We can pretty easily do full hand-over-hand locking as we traverse this list using just a bit of unsafe, which is necessary to tell the borrow checker a small bit of insight that we are aware of, but that it can't know.

But first, let's clearly formulate the problem:

• We want to traverse a linked list whose nodes are stored as Arc<Mutex<Node>> to get the last node in the list
• We need to lock each node in the list as we go along the way such that another concurrent traversal has to follow strictly behind us and cannot muck with our progress.

Before we get into the nitty-gritty details, let's try to write the signature for this function:

fn find_root(node: Arc<Mutex<Node>>) -> Arc<Mutex<Node>>;

Now that we know our goal, we can start to get into the implementation - here's a first attempt:

fn find_root(incoming: Arc<Mutex<Node>>) -> Arc<Mutex<Node>> {
    // We have to separate this from incoming since the lock must
    // be borrowed from incoming, not this local node.  
    let mut node = incoming.clone();
    let mut lock = incoming.lock();

    // Could use while let but that leads to borrowing issues.
    while lock.parent.is_some() {
       node = lock.parent.as_ref().unwrap().clone(); // !! uh-oh !!
       lock = node.lock();
    }

    node
} 

If we try to compile this, rustc will error on the line marked !! uh-oh !!, telling us that we can't move out of node while lock still exists, since lock is borrowing node. This is not a spurious error! The data in lock might go away as soon as node does - it's only because we know that we can keep the data lock is pointing to valid and in the same memory location even if we move node that we can fix this.

The key insight here is that the lifetime of data contained within an Arc is dynamic, and it is hard for the borrow checker to make the inferences we can about exactly how long data inside an Arc is valid.
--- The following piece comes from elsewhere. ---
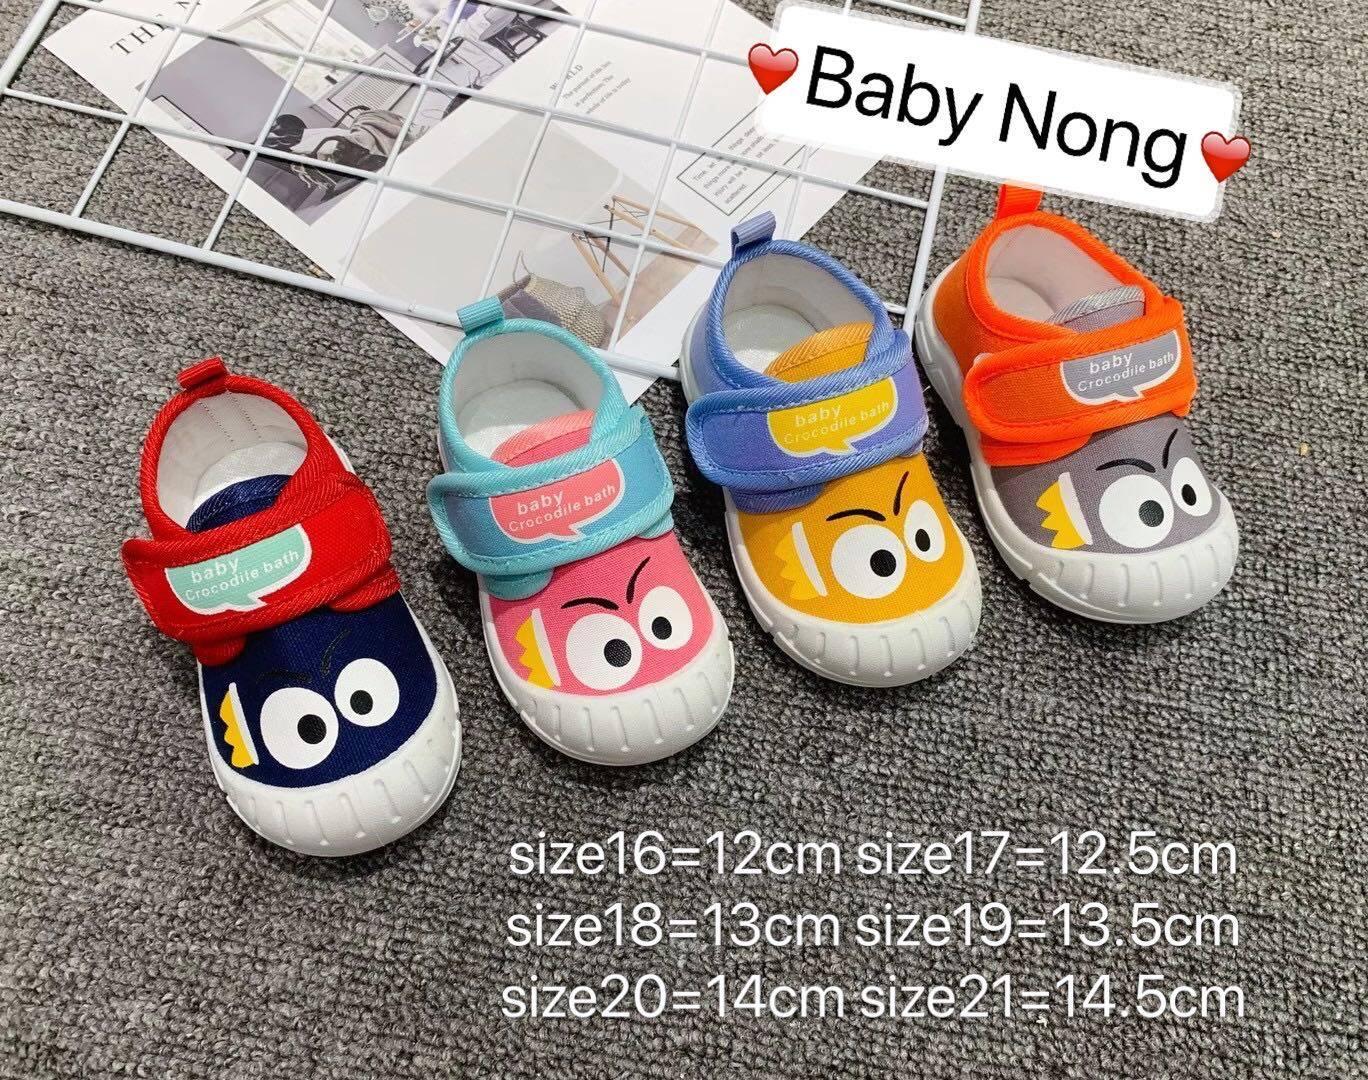 Baby Nong ใหม่ รองเท้าเด็กวัยหัดเดิน รองเท้าผ้าใบ รองเท้าเป่าโถวรองเท้าเด็กวัยหัดเดิน 1-3ขวบ.

This happens every once in a while when writing rust; you have more knowledge about the lifetime and organization of your data than rustc, and you want to be able to express that knowledge to the compiler, effectively saying "trust me". Enter: unsafe - our way of telling the compiler that we know more than it, and it should allow us to inform it of the guarantees that we know but it doesn't.

In this case, the guarantee is pretty simple - we are going to replace node while lock still exists, but we are not going to ensure that the data inside lock continues to be valid even though node goes away. To express this guarantee we can use mem::transmute, a function which allows us to reinterpret the type of any variable, by just using it to change the lifetime of the lock returned by node to be slightly longer than it actually is.
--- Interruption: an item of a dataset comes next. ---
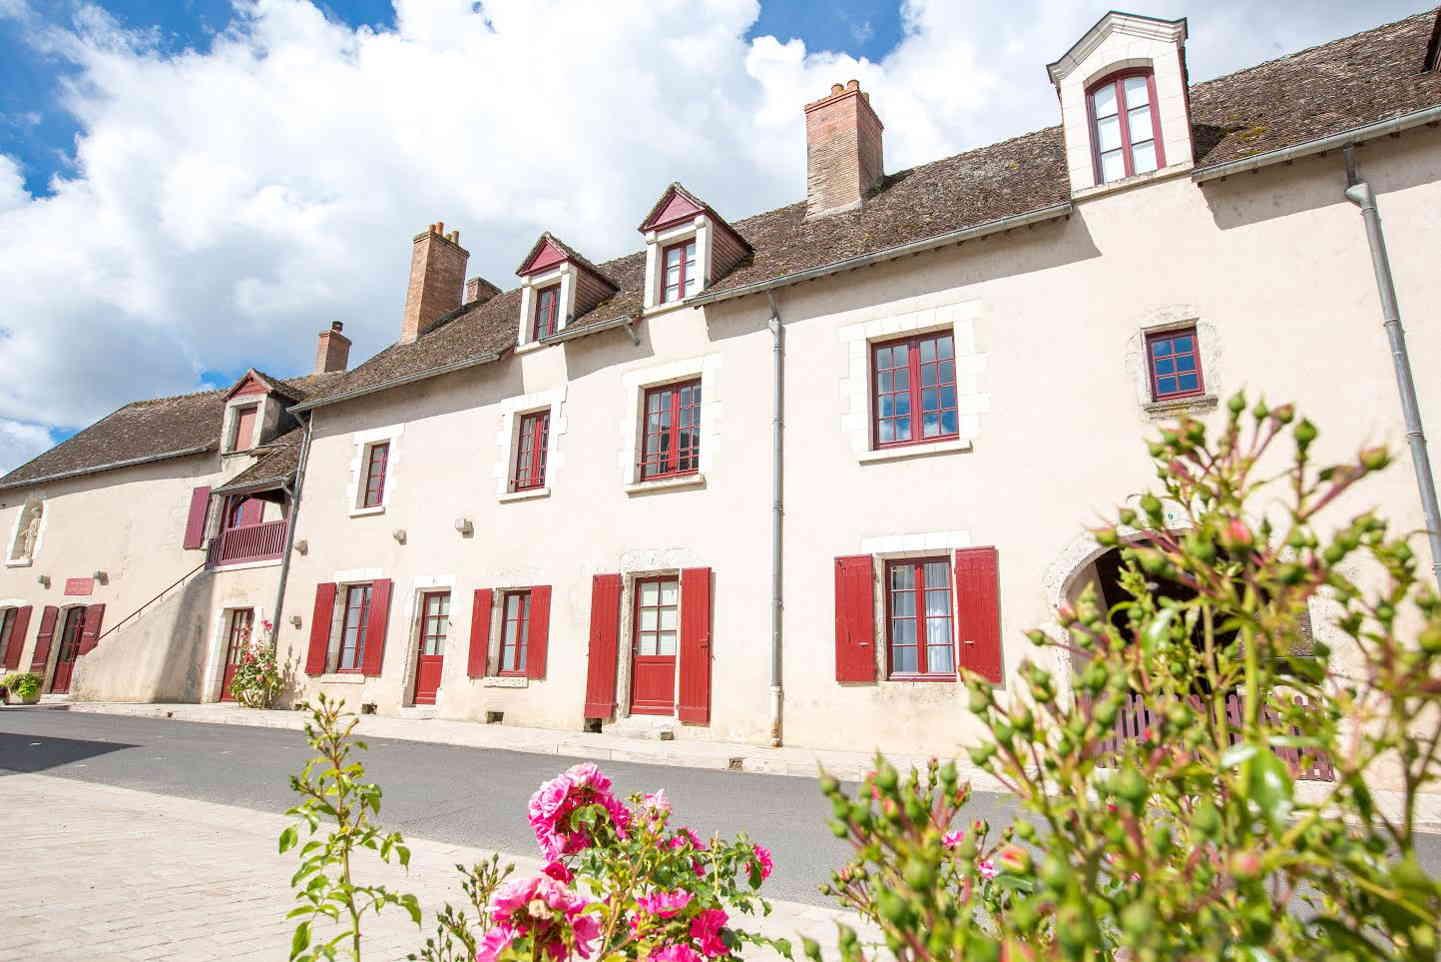 Location de vacances au chateau de Cheverny

To make sure we keep our promise, we are going to use another handoff variable to hold node while we reassign lock - even though this moves node (changing its address) and the borrow checker will be angry at us, we know it's ok since lock doesn't point at node, it points at data inside of node, whose address (in this case, since it's behind an Arc) will not change.

Before we get to the solution, it's important to note that the trick we are using here is only valid because we are using an Arc. The borrow checker is warning us of a possibly serious error - if the Mutex was held inline and not in an Arc, this error would be a correct prevention of a use-after-free, where the MutexGuard held in lock would attempt to unlock a Mutex which has already been dropped, or at least moved to another memory location.

use std::mem;
use std::sync::{Arc, Mutex};

fn find_root(incoming: Arc<Mutex<Node>>) -> Arc<Mutex<Node>> {
    let mut node = incoming.clone();
    let mut handoff_node;
    let mut lock = incoming.lock();

    // Could use while let but that leads to borrowing issues.
    while lock.parent.is_some() {
       // Keep the data in node around by holding on to this `Arc`.
       handoff_node = node;

       node = lock.parent.as_ref().unwrap().clone();

       // We are going to move out of node while this lock is still around,
       // but since we kept the data around it's ok.
       lock = unsafe { mem::transmute(node.lock()) };
    }

    node
} 

And, just like that, rustc is happy, and we have hand-over-hand locking, since the last lock is released only after we have acquired the new lock!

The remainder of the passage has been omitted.